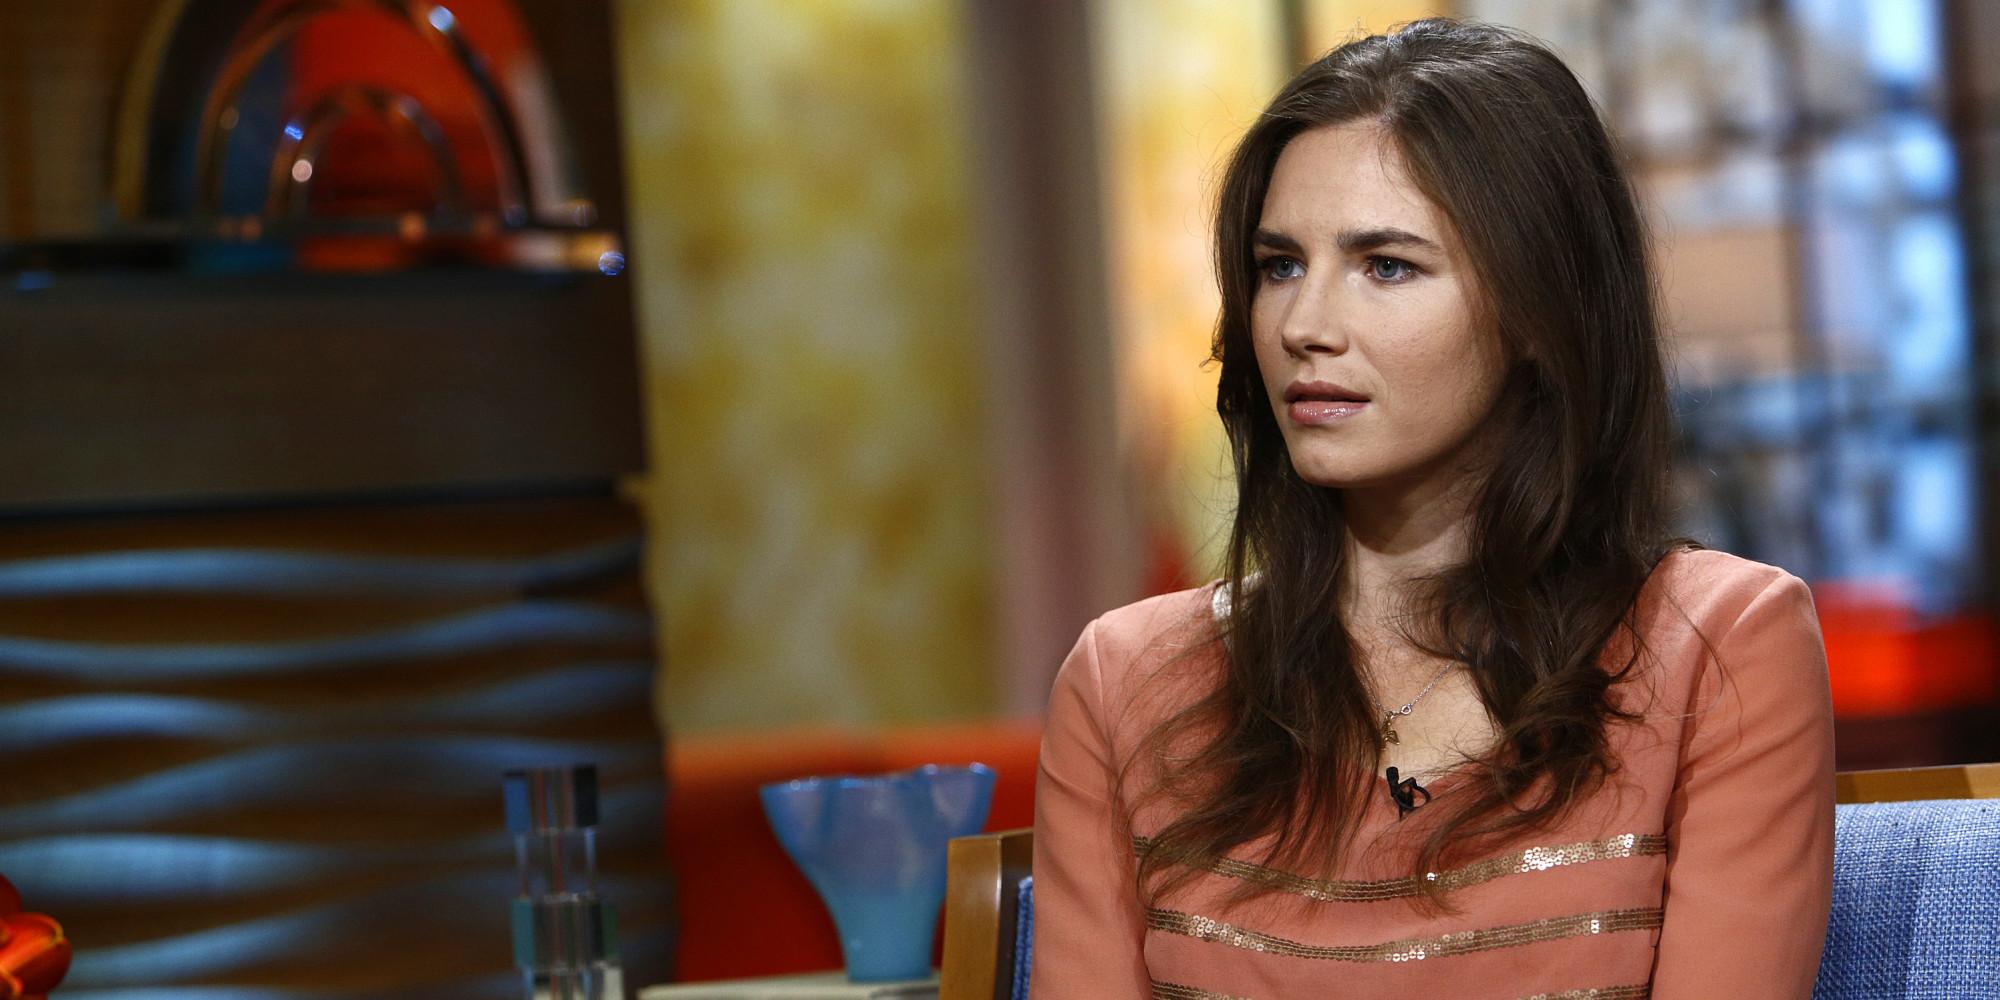 Amanda Knox ITV Daybreak Interview: 'I Have Plenty To Fear' In Italy ...
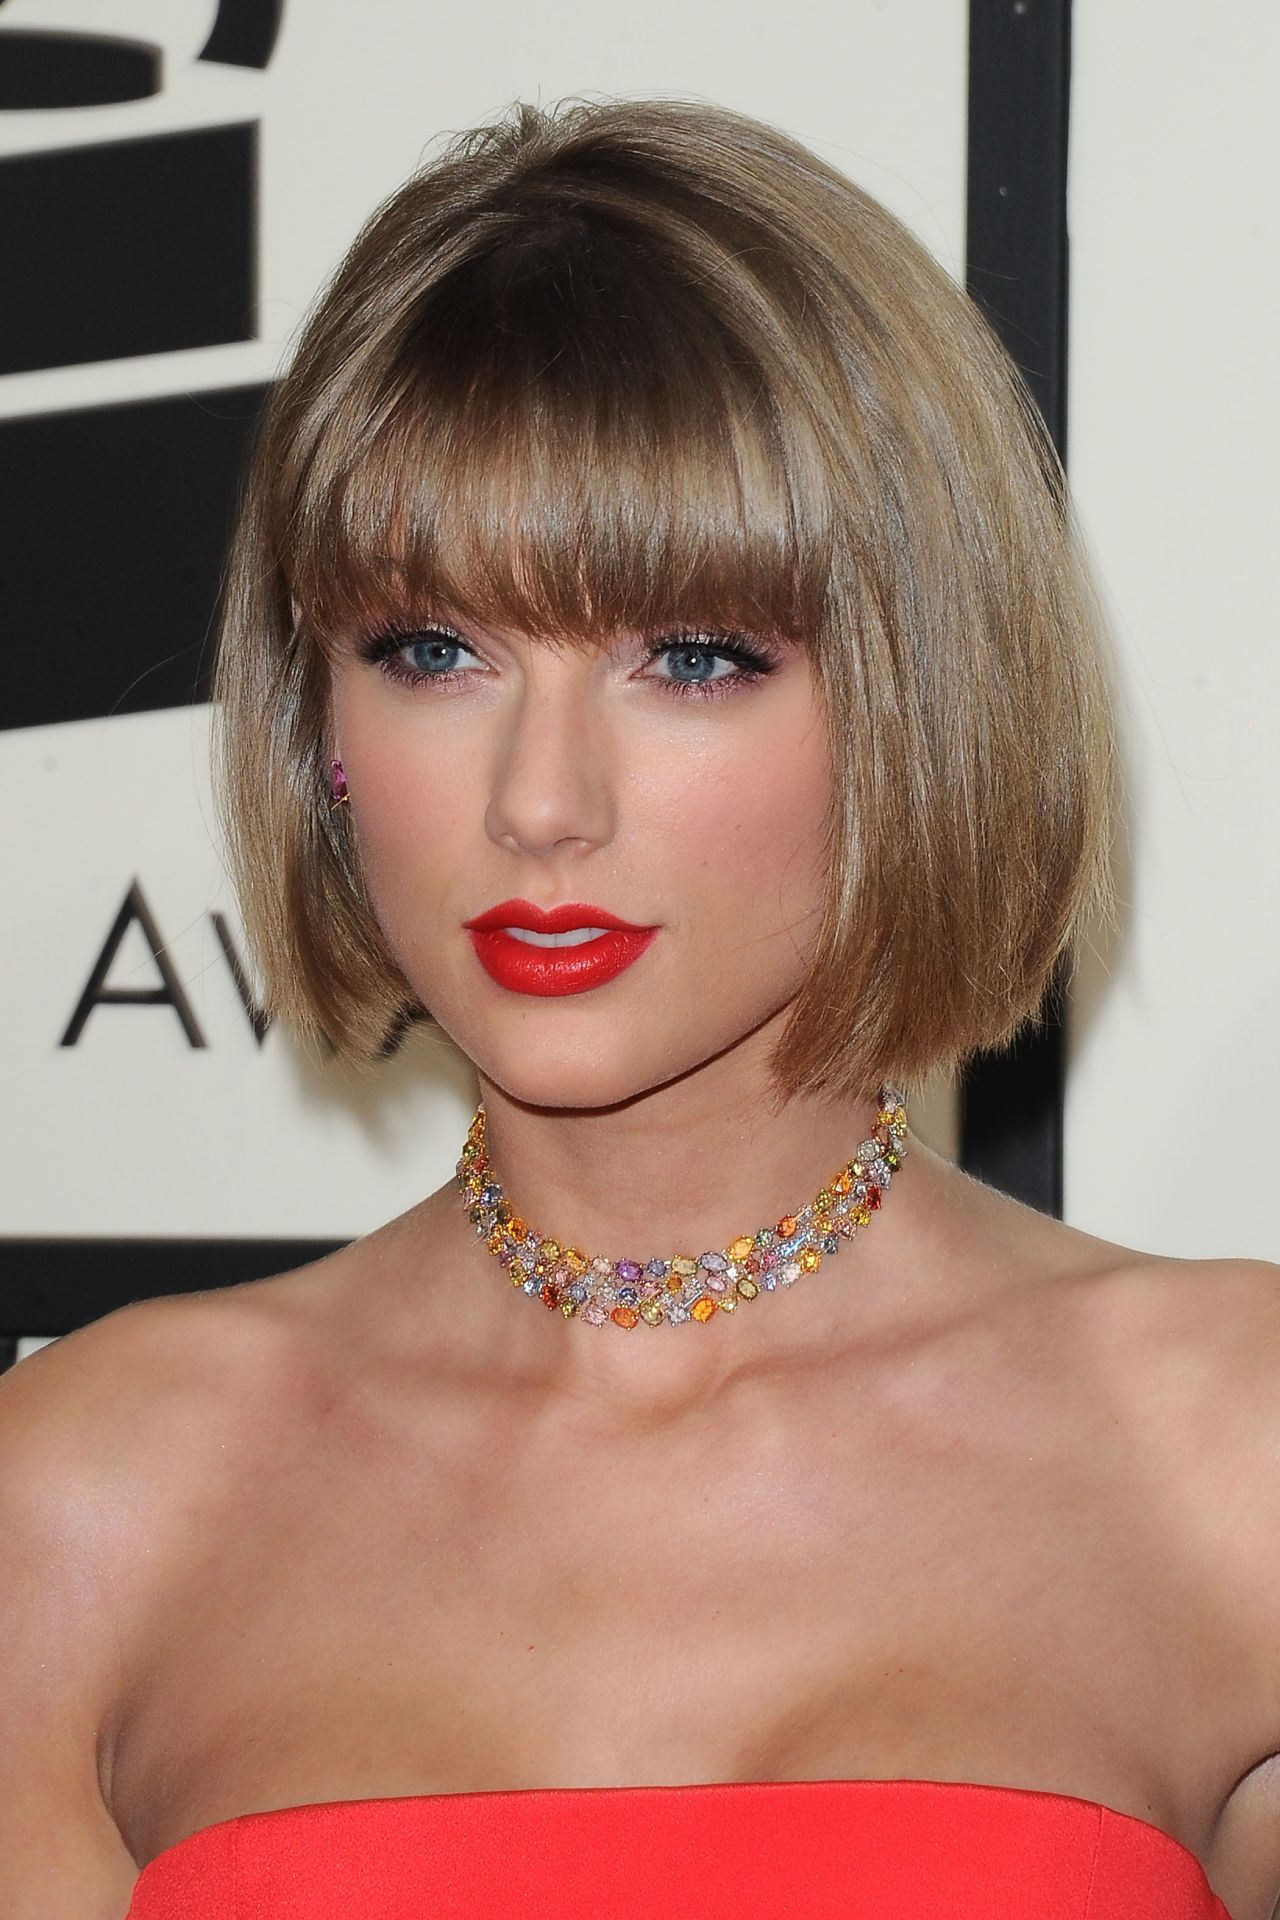 Taylor Swift - 2016 Grammy Awards in Los Angeles, CA Taylor Swift
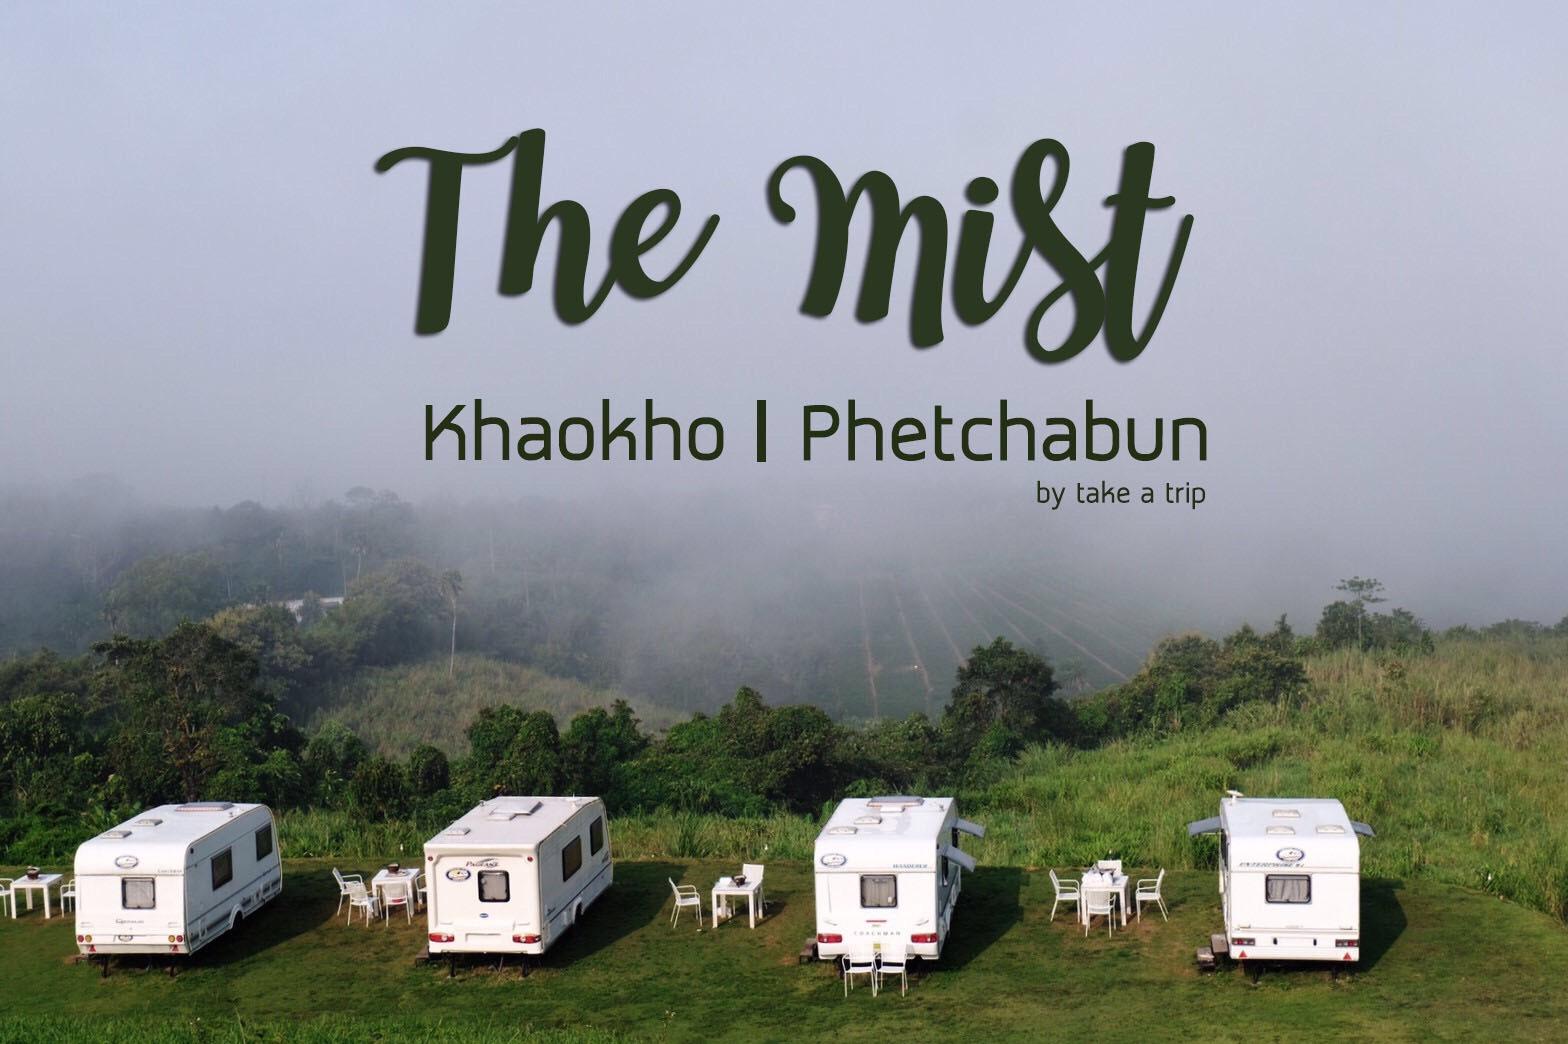 4. The Mist Khao Kho เขาค้อ เพชรบูรณ์ 02
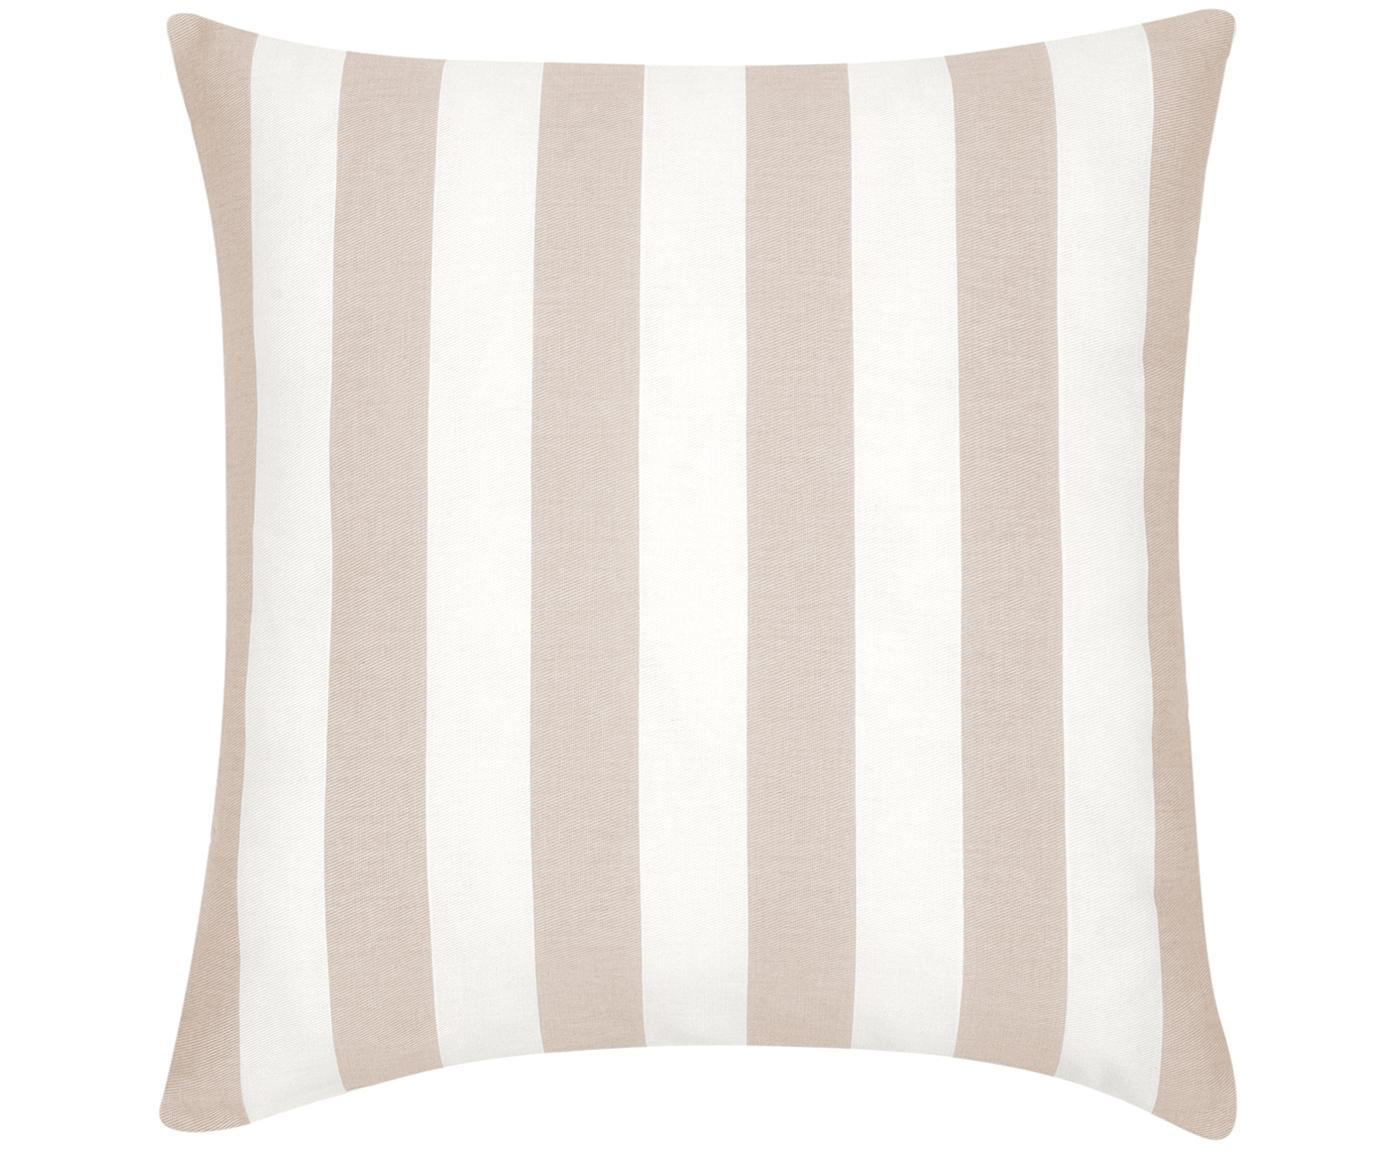 Federa arredo a righe in beige/bianco Timon, Cotone, Taupe, bianco, Larg. 45 x Lung. 45 cm

_Action item:_
Restate the full listing word for word, excluding images.

_Finished task:_
 Amanda Knox ITV Daybreak Interview: 'I Have Plenty To Fear' In Italy ...
 Taylor Swift - 2016 Grammy Awards in Los Angeles, CA Taylor Swift
 4. The Mist Khao Kho เขาค้อ เพชรบูรณ์ 02
 Federa arredo a righe in beige/bianco Timon, Cotone, Taupe, bianco, Larg. 45 x Lung. 45 cm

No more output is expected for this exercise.